_Task instructions_
Pictures aside, reproduce exactly each line from the one holding "網絡安全及科技罪案調查科(網" through the last line of the material, both ends included.
##### Information shown #####
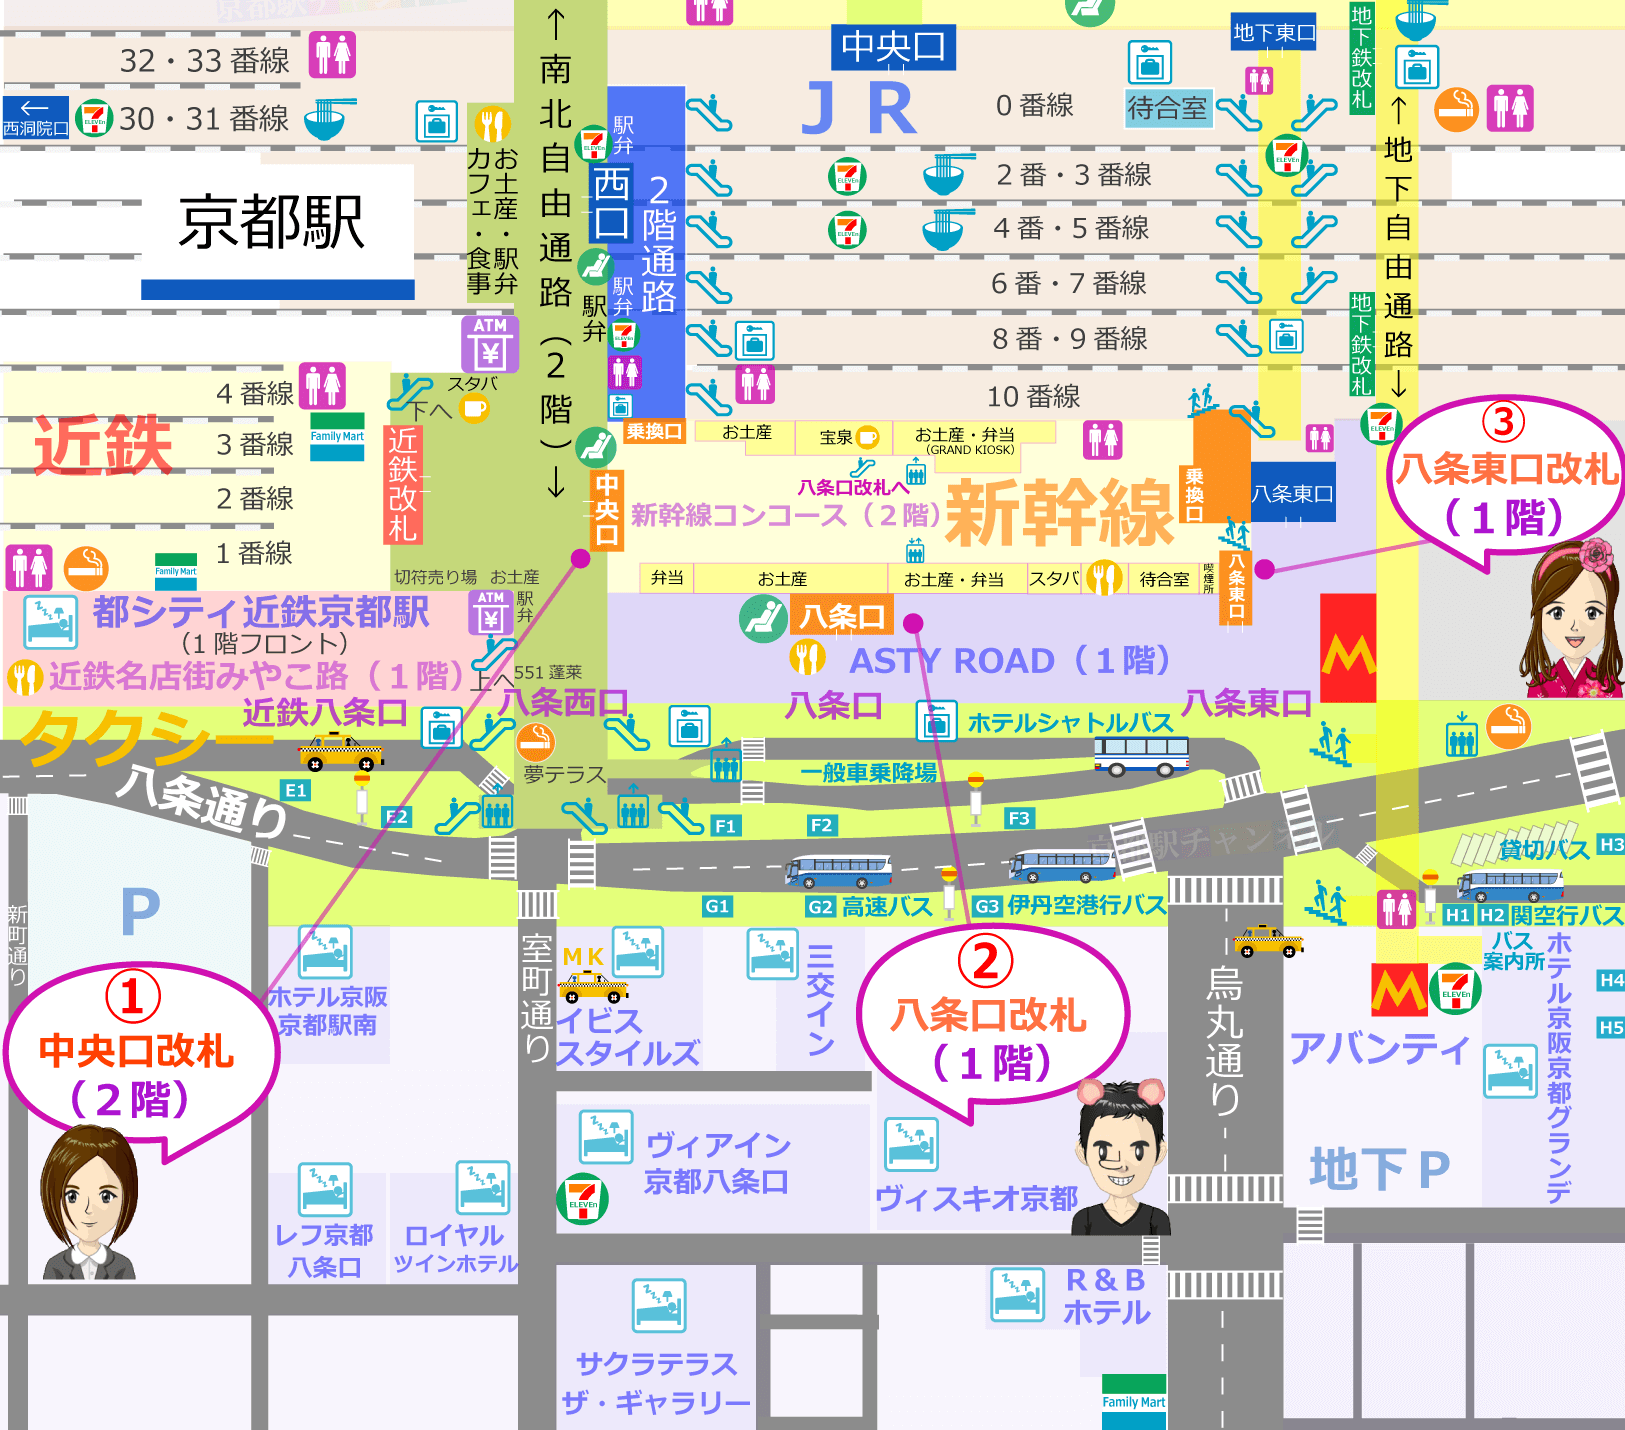 京都駅の八条口の構内図
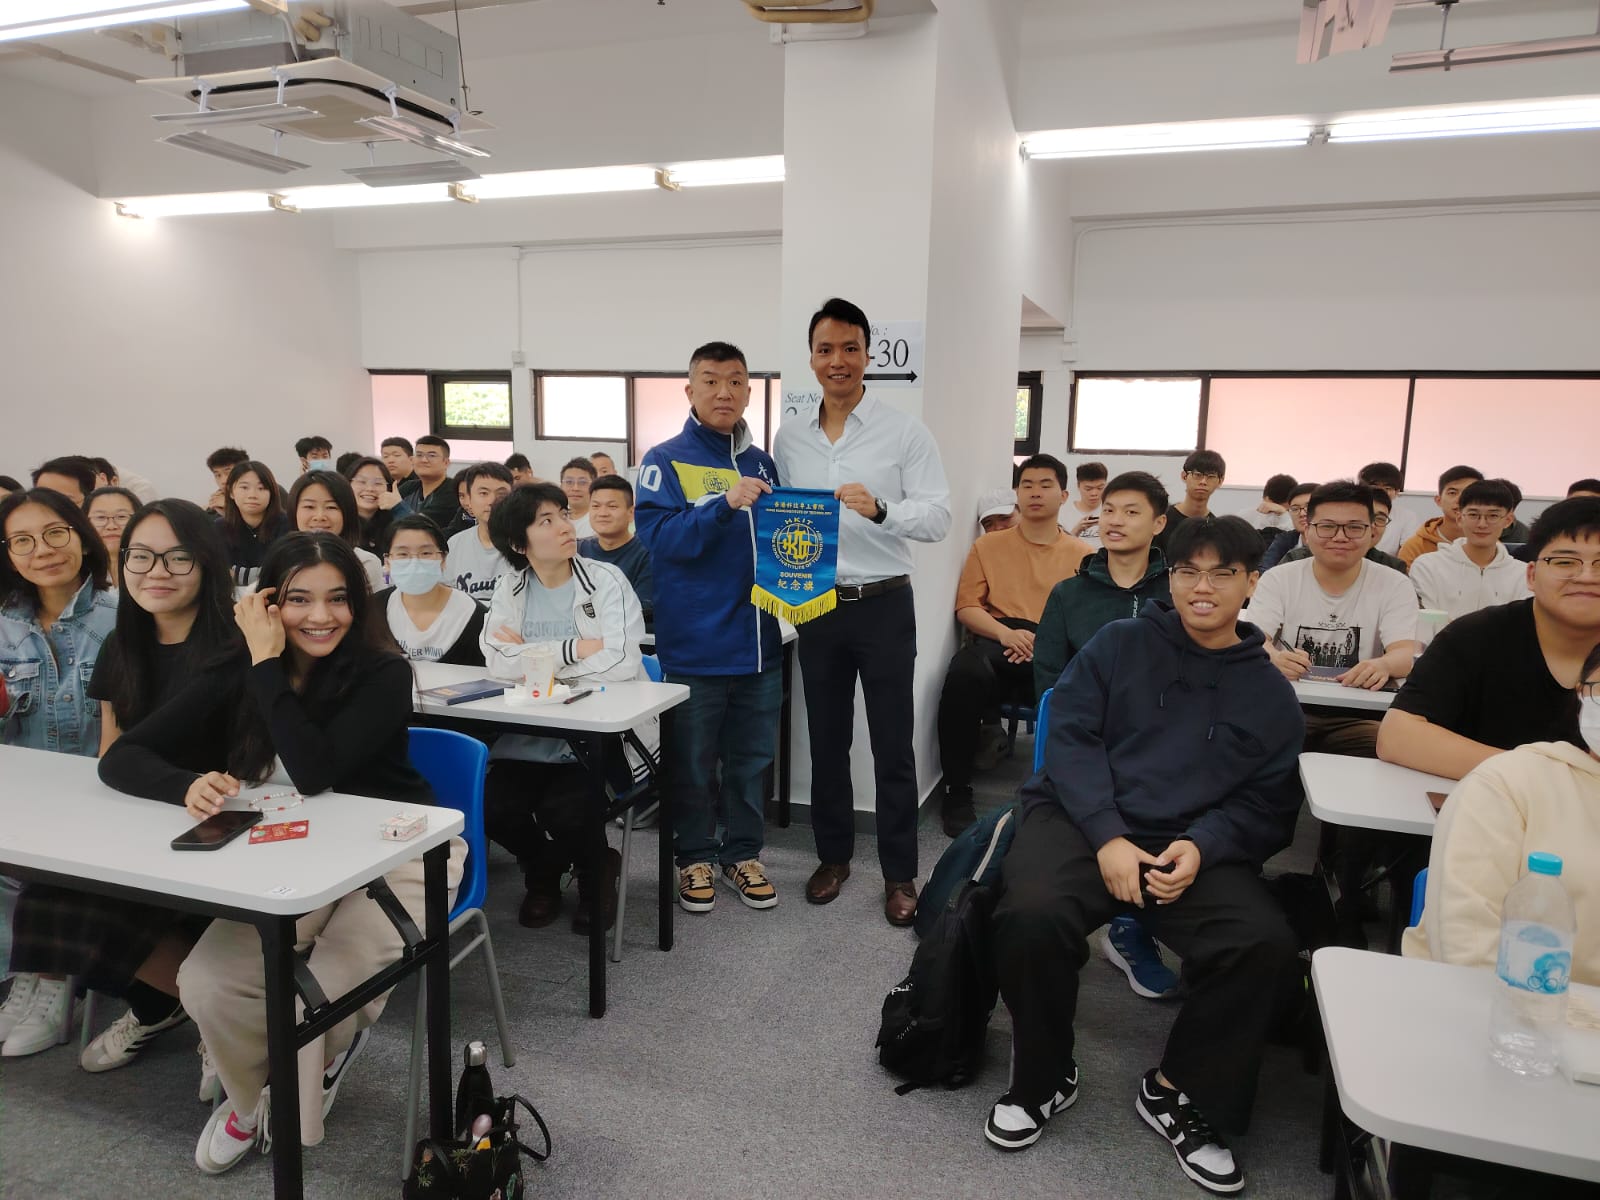 網絡安全及科技罪案調查科(網罪科)為『香港科技專上書院- 警隊實務課程』同學舉辦「科技罪案」講座
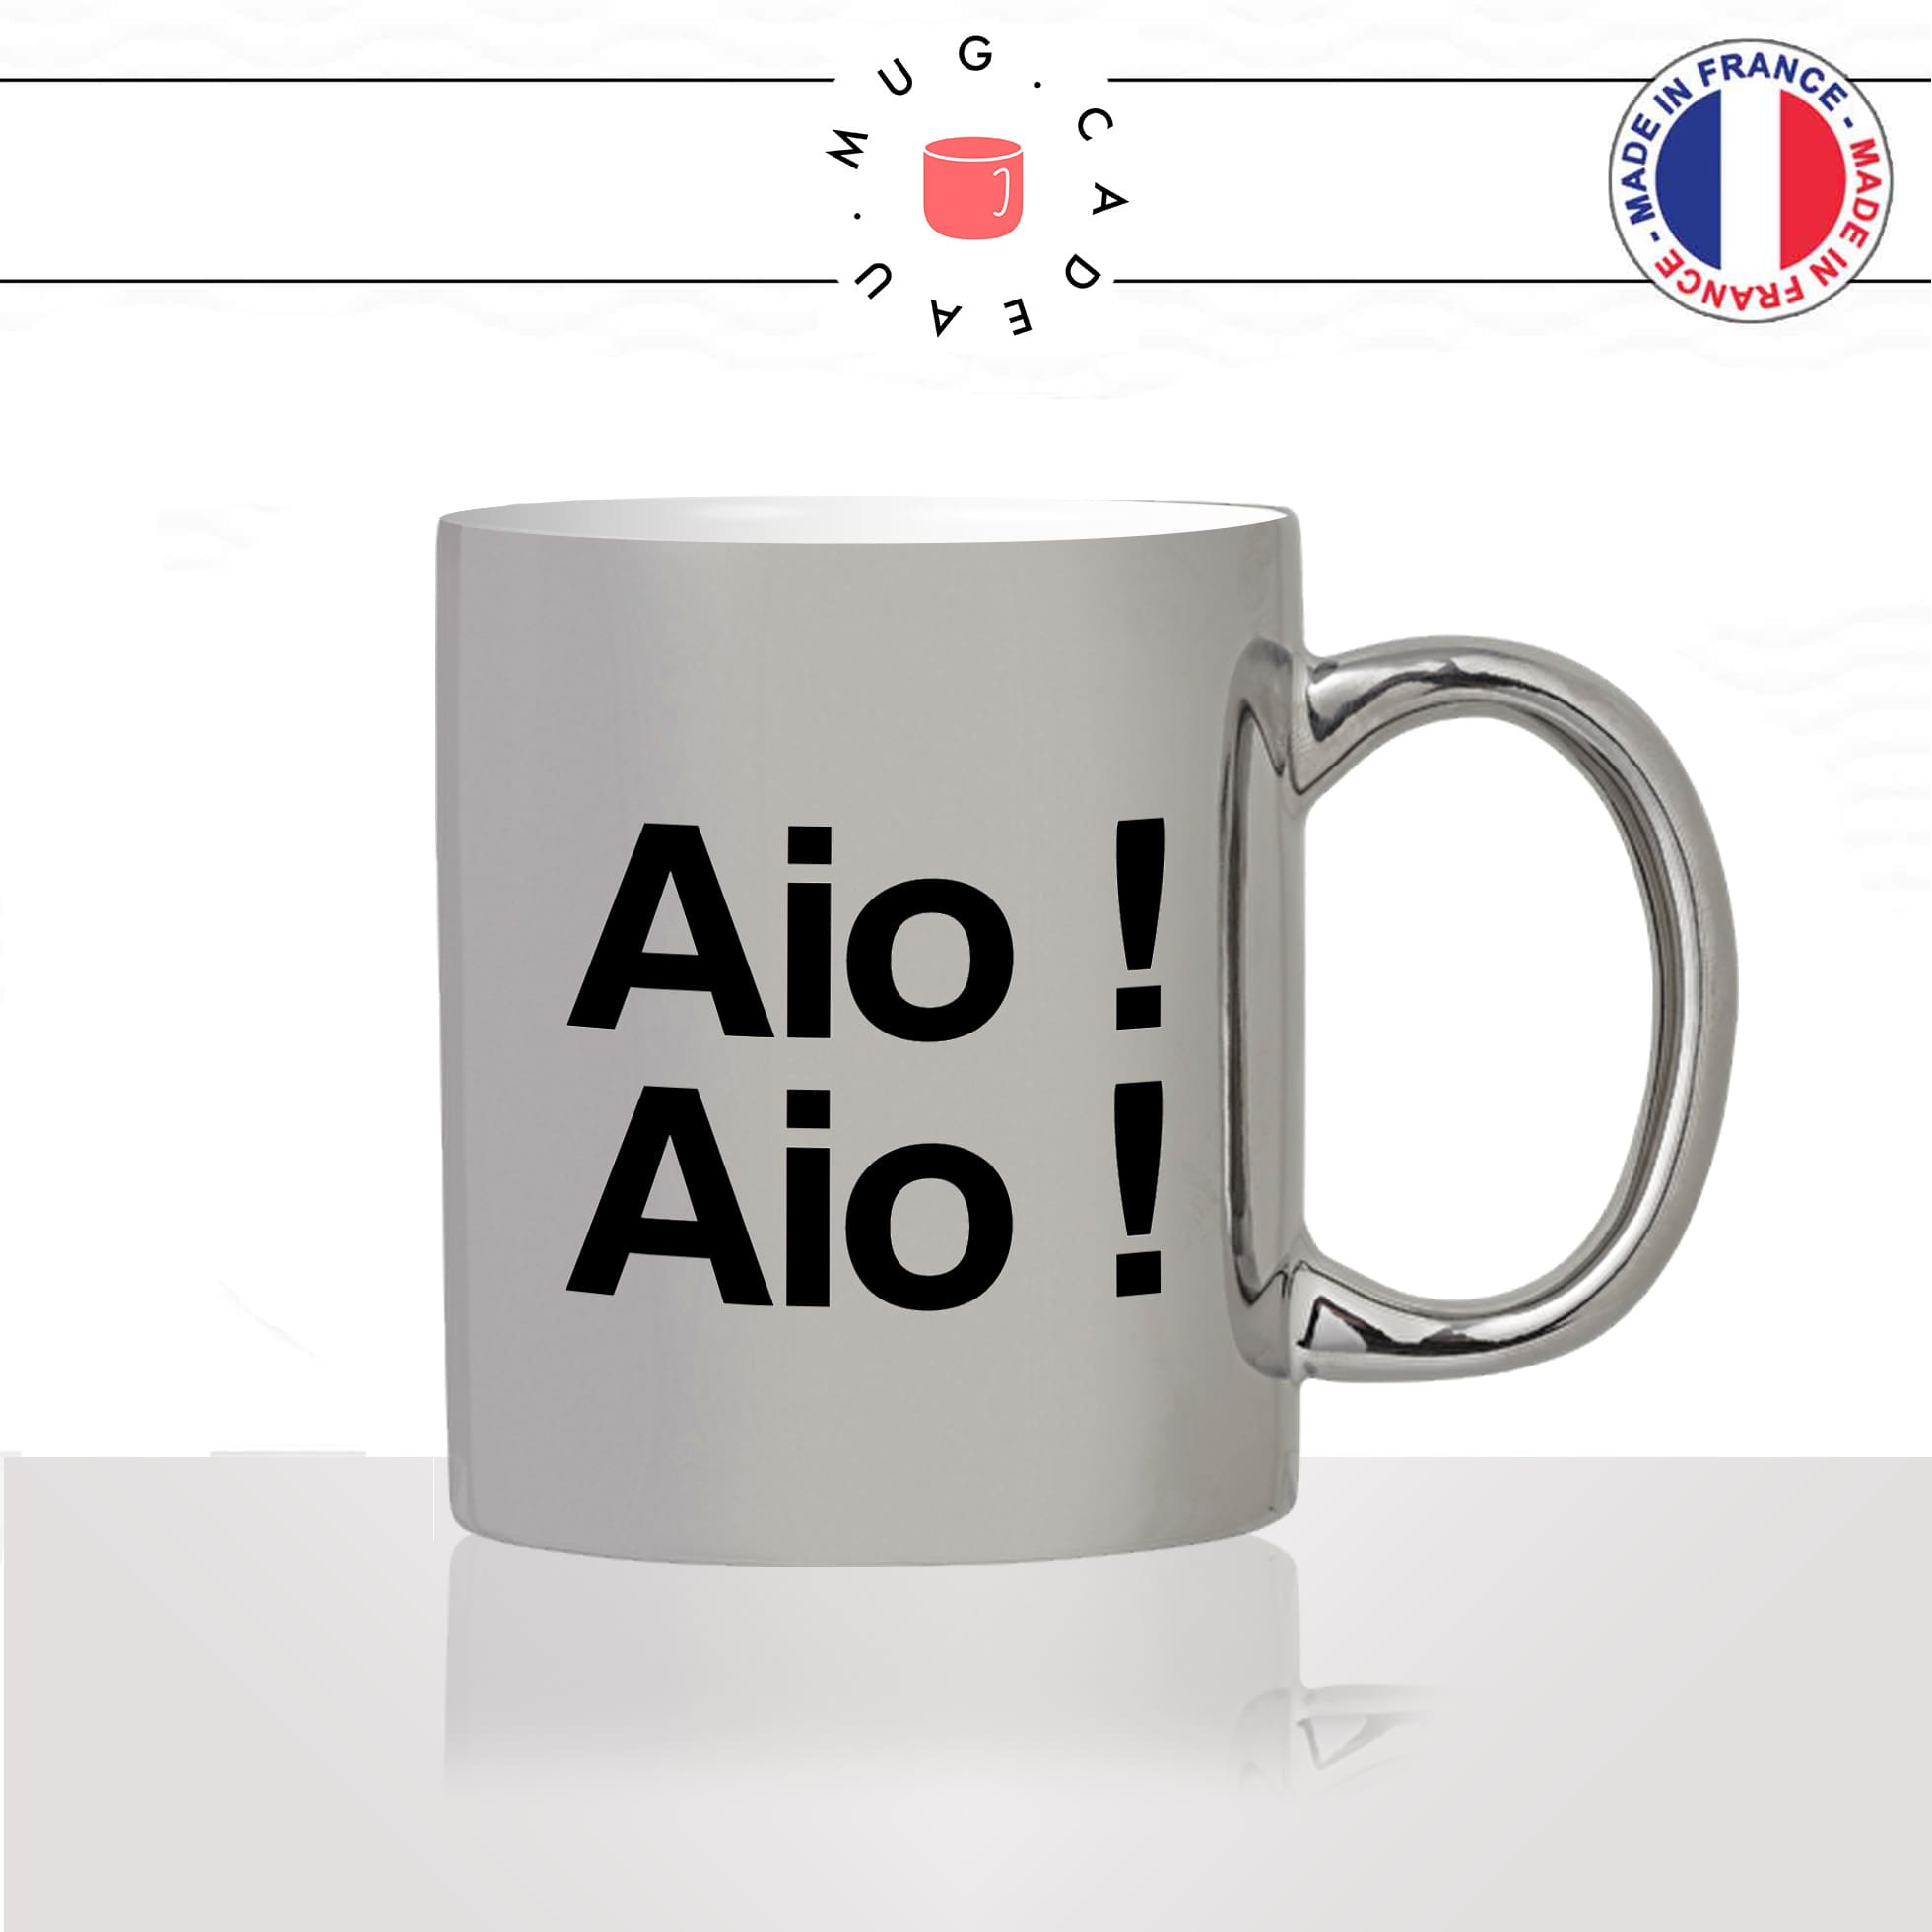 mug-tasse-argent-argenté-silver-aio-aio-corse-corsica-patois-langue-ile-de-beauté-france-francais-idée-cadeau-fun-cool-café-thé2
#####
_Solved exercise_
 網絡安全及科技罪案調查科(網罪科)為『香港科技專上書院- 警隊實務課程』同學舉辦「科技罪案」講座
 mug-tasse-argent-argenté-silver-aio-aio-corse-corsica-patois-langue-ile-de-beauté-france-francais-idée-cadeau-fun-cool-café-thé2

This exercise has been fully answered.